If, as director, you’ve had to consider closing your limited company through an insolvent liquidation, you might have some concerns and questions around what to do next or what will happen to you, or the company’s staff.

What’ll happen to company staff in liquidation?

As liquidation closes the limited company in question, all company staff are made redundant during the process. They also become preferential creditors of the company. Preferential creditors rank above unsecured creditors; suppliers, contractors, customers, etc., but below secured creditors with fixed charges over assets like premises, vehicles, and equipment. If funds are left after those creditors, including certain payments to HMRC, and the insolvency practitioner, are paid, the company’s employees will receive some remuneration. If the company lacks the funds for payment in lieu of notice, pro-rata holiday pay, unpaid wages and redundancy pay, the Redundancy Payments Service can help.

The company can’t afford to liquidate

The cost of liquidation could cause concern, especially if the company’s financial situation is so dire that it may be the only way to alleviate its debt. As a result, you may be tempted to dissolve the company as you would with a solvent one. While this isn’t illegal, dissolutions are published in the appropriate Gazette, and the company’s creditors can object. There are ways to fund a liquidation, even if you’re worried your company can’t afford it. Options range from selling company assets to personally raising funds off your own back. If directors are entitled to redundancy pay, that could also help fund the liquidation.

Can creditors force a company into liquidation?

As unpleasant a prospect liquidating a company may seem, it is often preferable to having liquidation forced upon it. If a company owes a creditor more than £750, that creditor can apply for a winding-up petition. If approved by the court, this becomes a winding-up order, freezing the company’s bank accounts and making trading impossible. Unless you can get a validation order passed, the company will go into compulsory liquidation, with trading ceasing immediately.

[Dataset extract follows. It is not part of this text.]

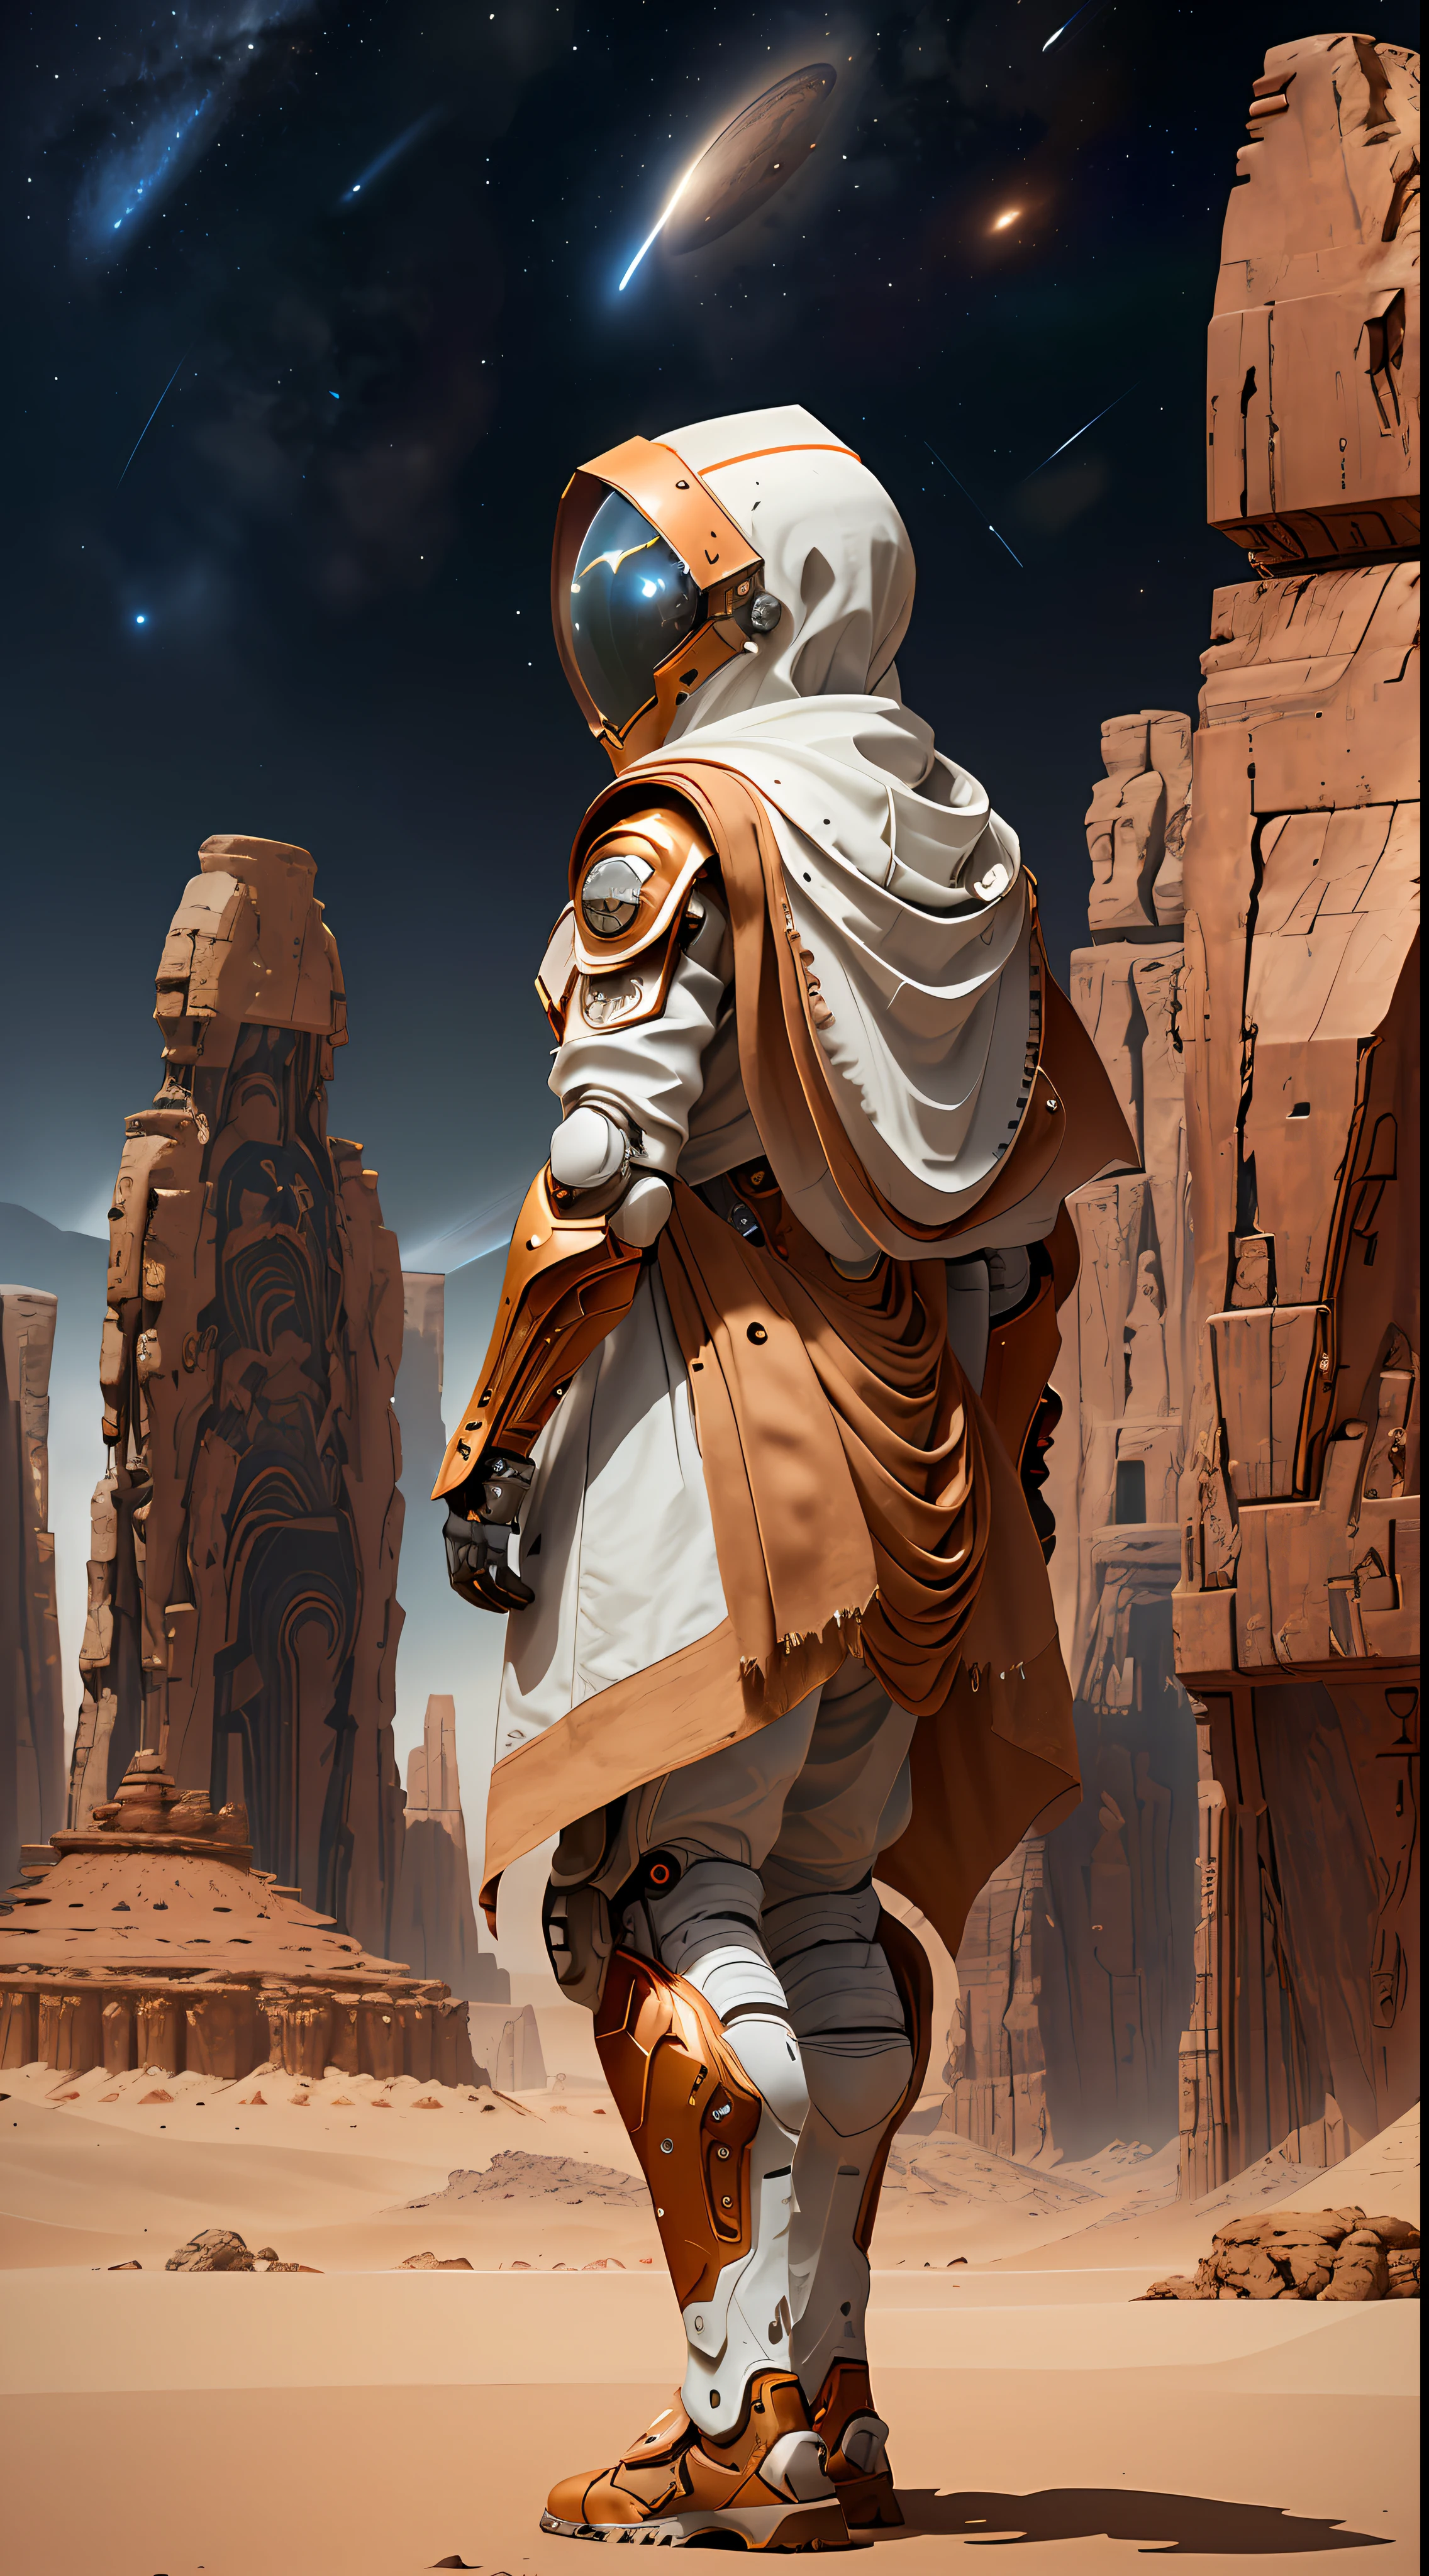 一名身穿宇航服的男子站在沙漠中, 多計數競賽獲勝者, 非洲未来主义, 8k細節, 穿著有兜帽的科幻斗篷, 安法斯的機甲戰士肖像, 8k八度渲染照片, 复古未来主义的女性机器人, 紅色沙漠火星, 帶有白色圍巾的詳細盔甲, 虚幻引擎 5 着色

While these circumstances sound bleak, compulsory liquidation may offer a solution if you cannot raise funds for voluntary liquidation. Directors can invite the company’s creditors to issue a winding-up petition, closing the company. While it offers the directors less control of how they enter the process than voluntary liquidation, it can close the insolvent company and draw a line under the debt if no other options are feasible.

Can directors start another company after liquidation?

Having to liquidate a company is seldom a pleasant experience and could leave a bad taste. However, having a company close through an insolvent liquidation doesn’t automatically disqualify directors from setting up another limited company. While a liquidator will investigate director actions leading up to and during the insolvent period, if no instances of wrongdoing are found, the director can start a new limited company. However, strict rules and regulations exist around reusing similar elements (like the name, assets, and trading style) in a new company.

To summarise

While closing a company can be a daunting prospect, and you might have concerns about affording the process, there are ways of obtaining the funds. You can either enter liquidation voluntarily once

you’re aware that the company cannot repay its debts; otherwise, your creditors can force the company into liquidation once you owe them more than £750.

There are several ways to fund a liquidation, including funds generated from selling the company’s assets once they’re independently valued, using directors’ redundancy pay, or raising funds personally. Staff are made redundant in liquidation, becoming preferential creditors in the process. If you still want to run a business after the liquidation, you can set up a new limited company if the liquidator finds no evidence of wrongdoing.